____ Information shown
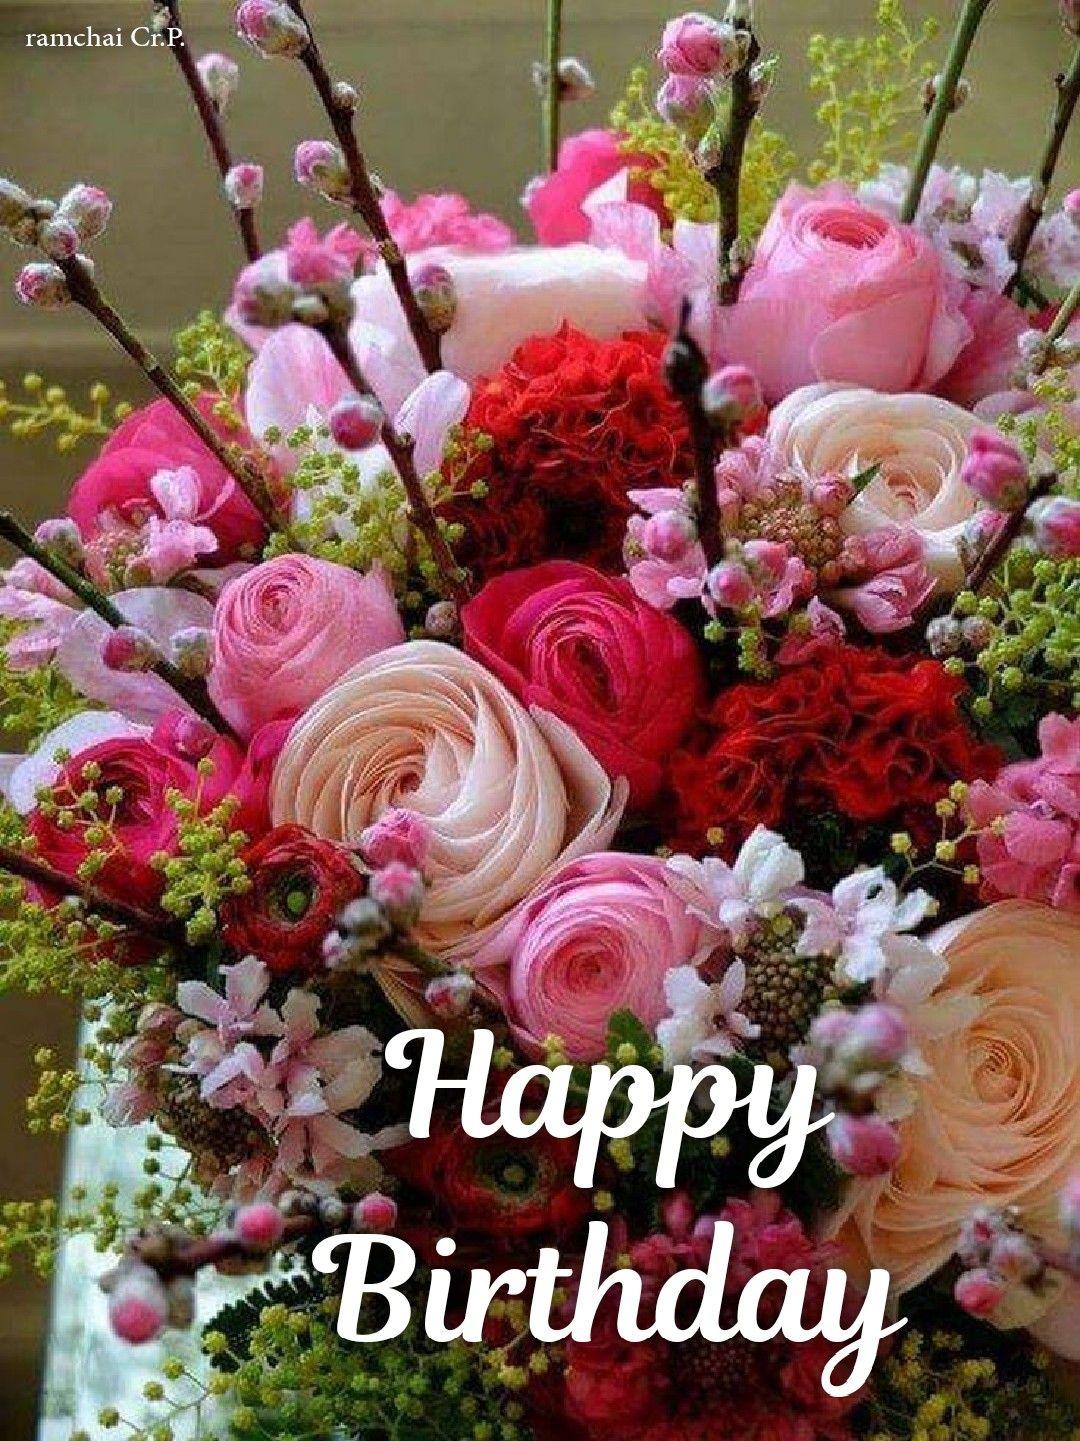 Pin By Guniz Maden On Bday In 2020 Birthday Wishes Flowers Birthday Flowers Birthday Flowers Arrangements
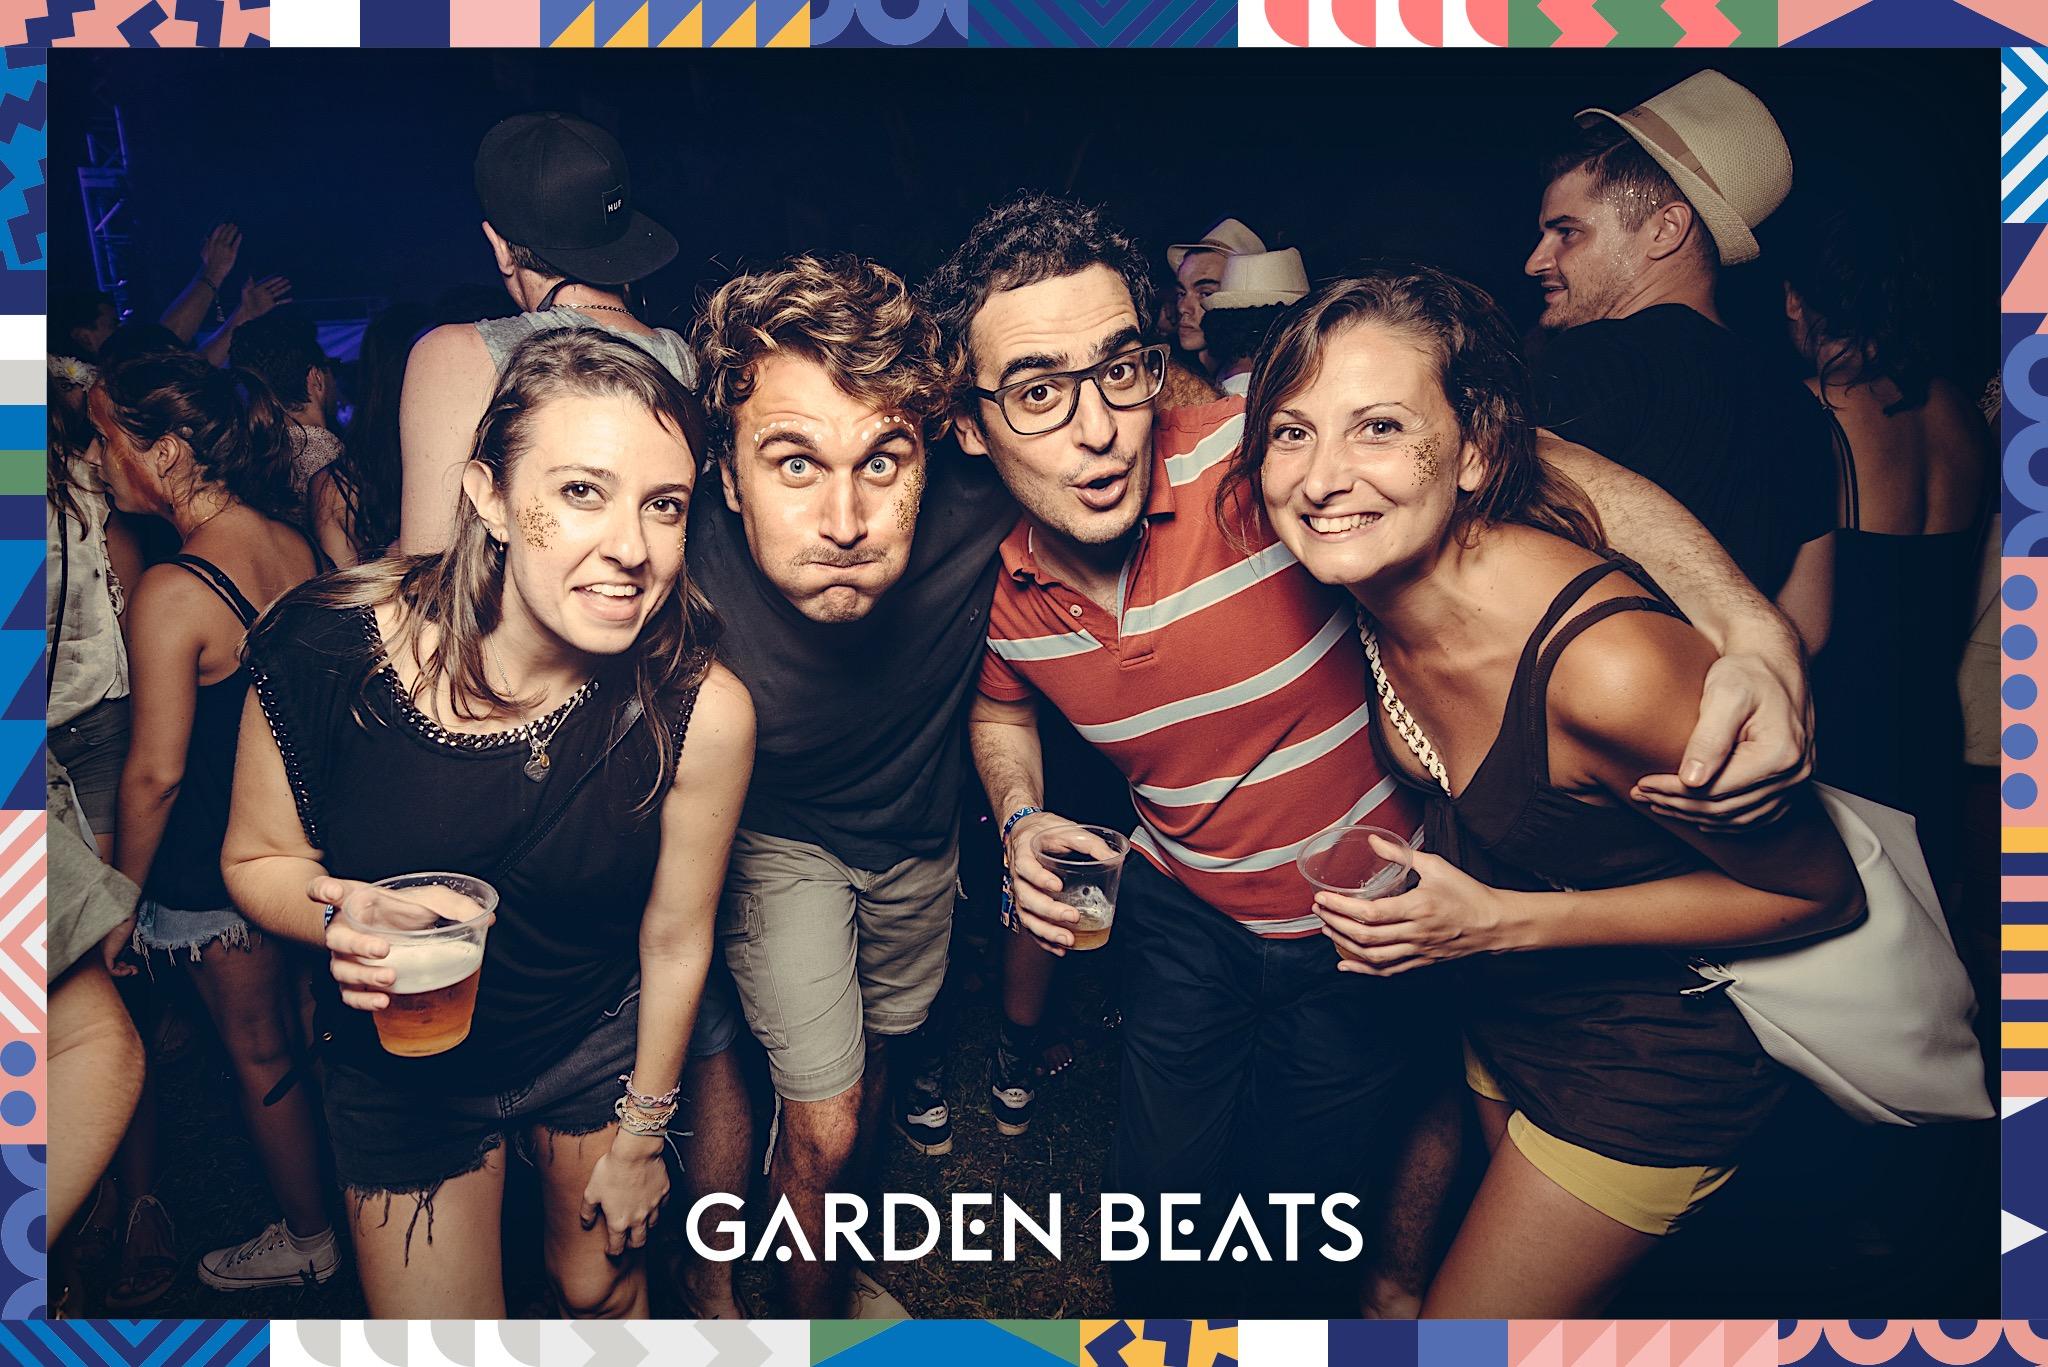 18032017_GardenBeats_Colossal788_WatermarkedGB.jpg
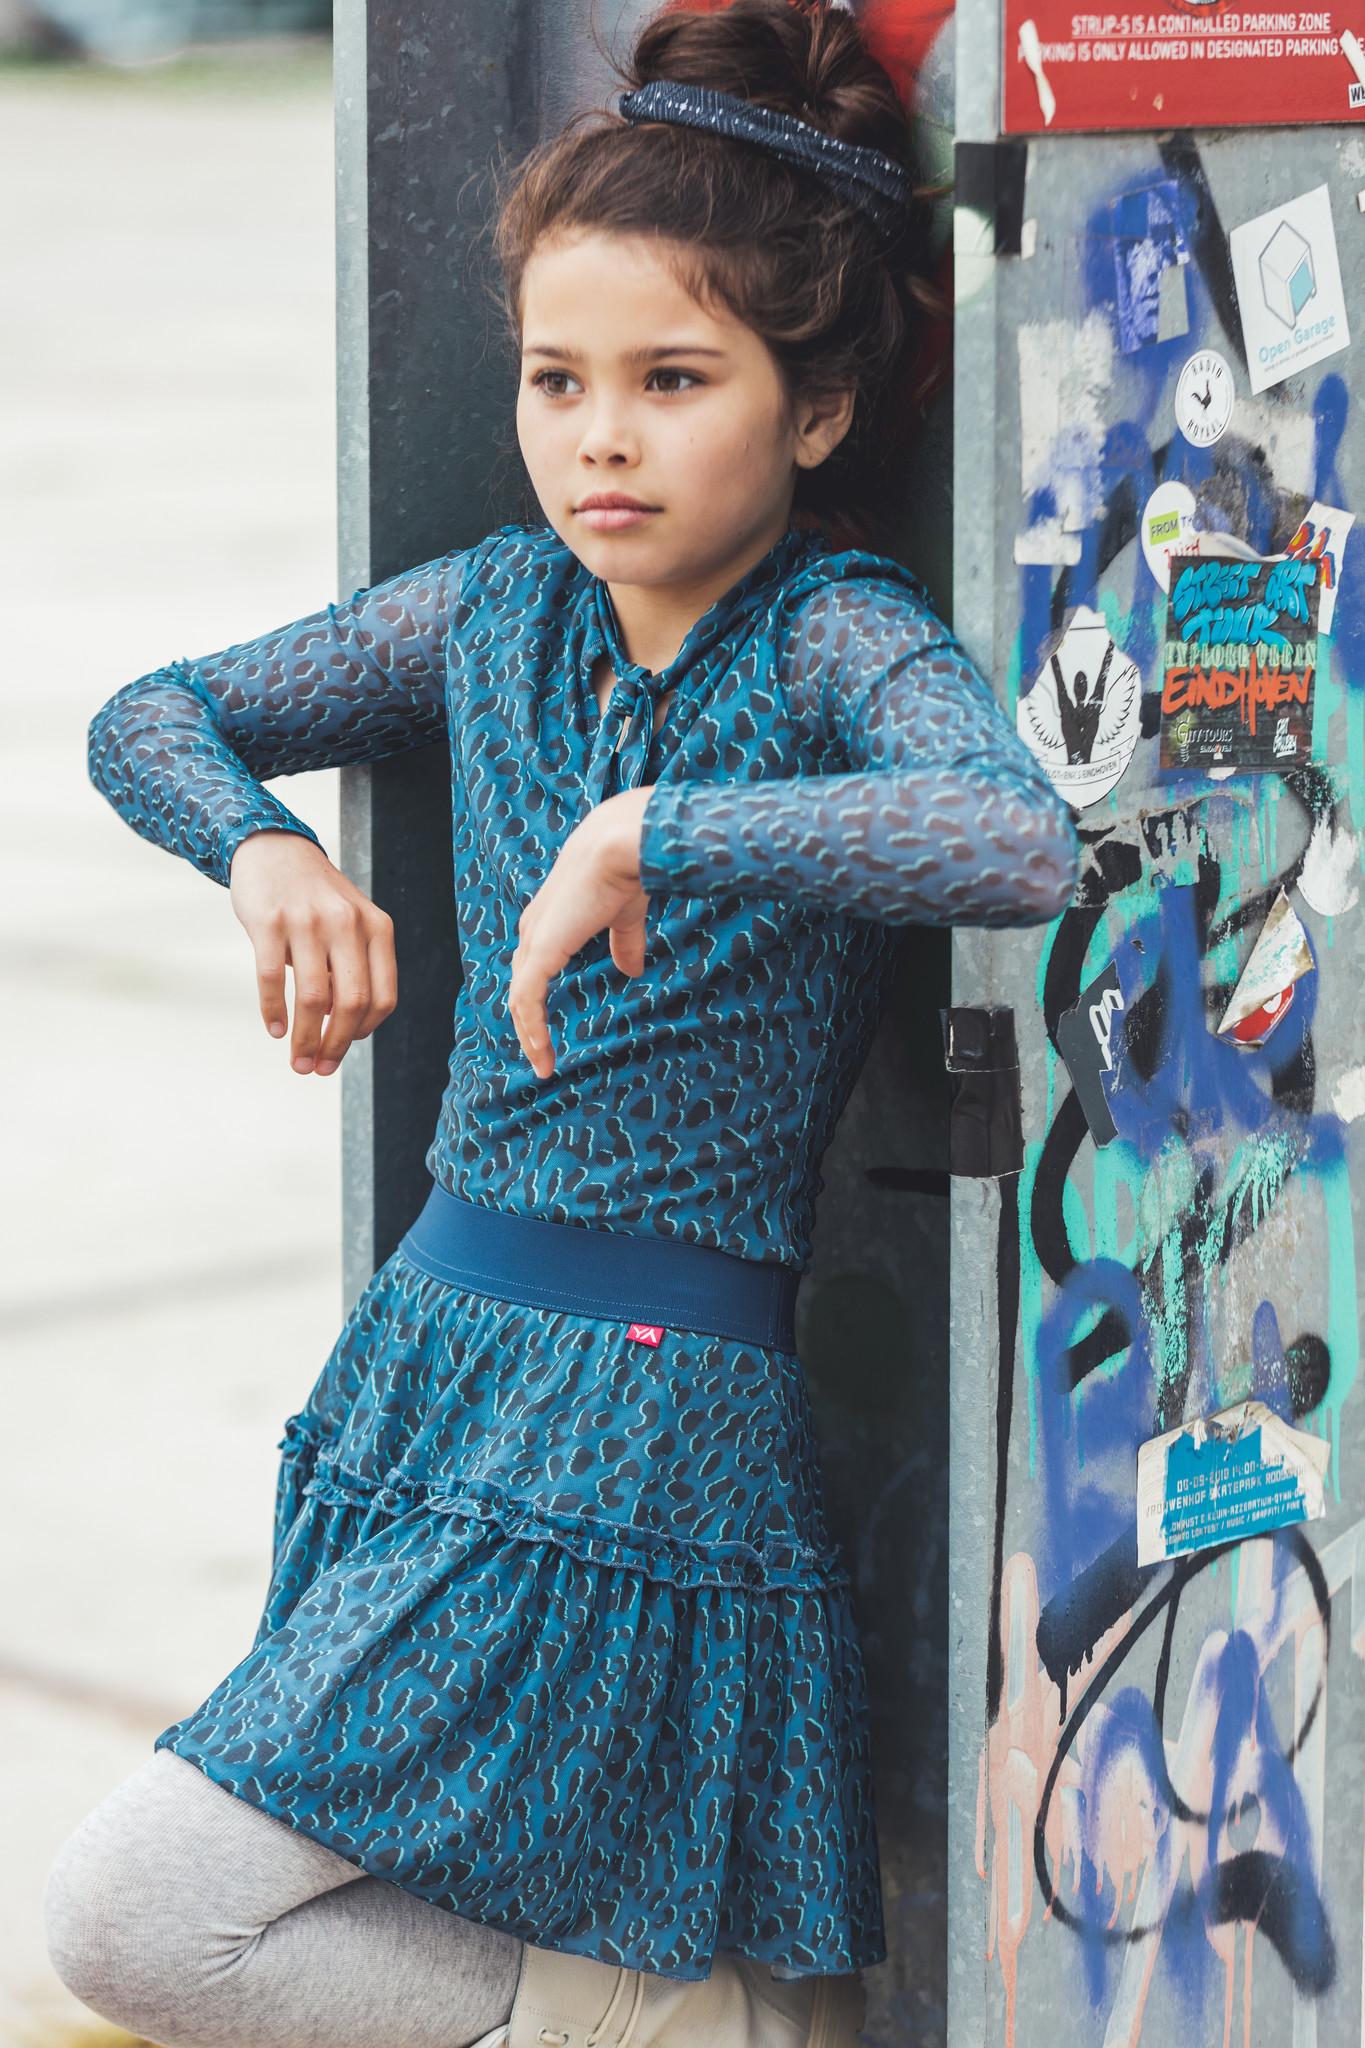 Mayce Girlslabel lookbook winter 2022-55
________
Repeat the material line for line. Pictures stay out of the copy.

Answer to this problem -
 Pin By Guniz Maden On Bday In 2020 Birthday Wishes Flowers Birthday Flowers Birthday Flowers Arrangements
 18032017_GardenBeats_Colossal788_WatermarkedGB.jpg
 Mayce Girlslabel lookbook winter 2022-55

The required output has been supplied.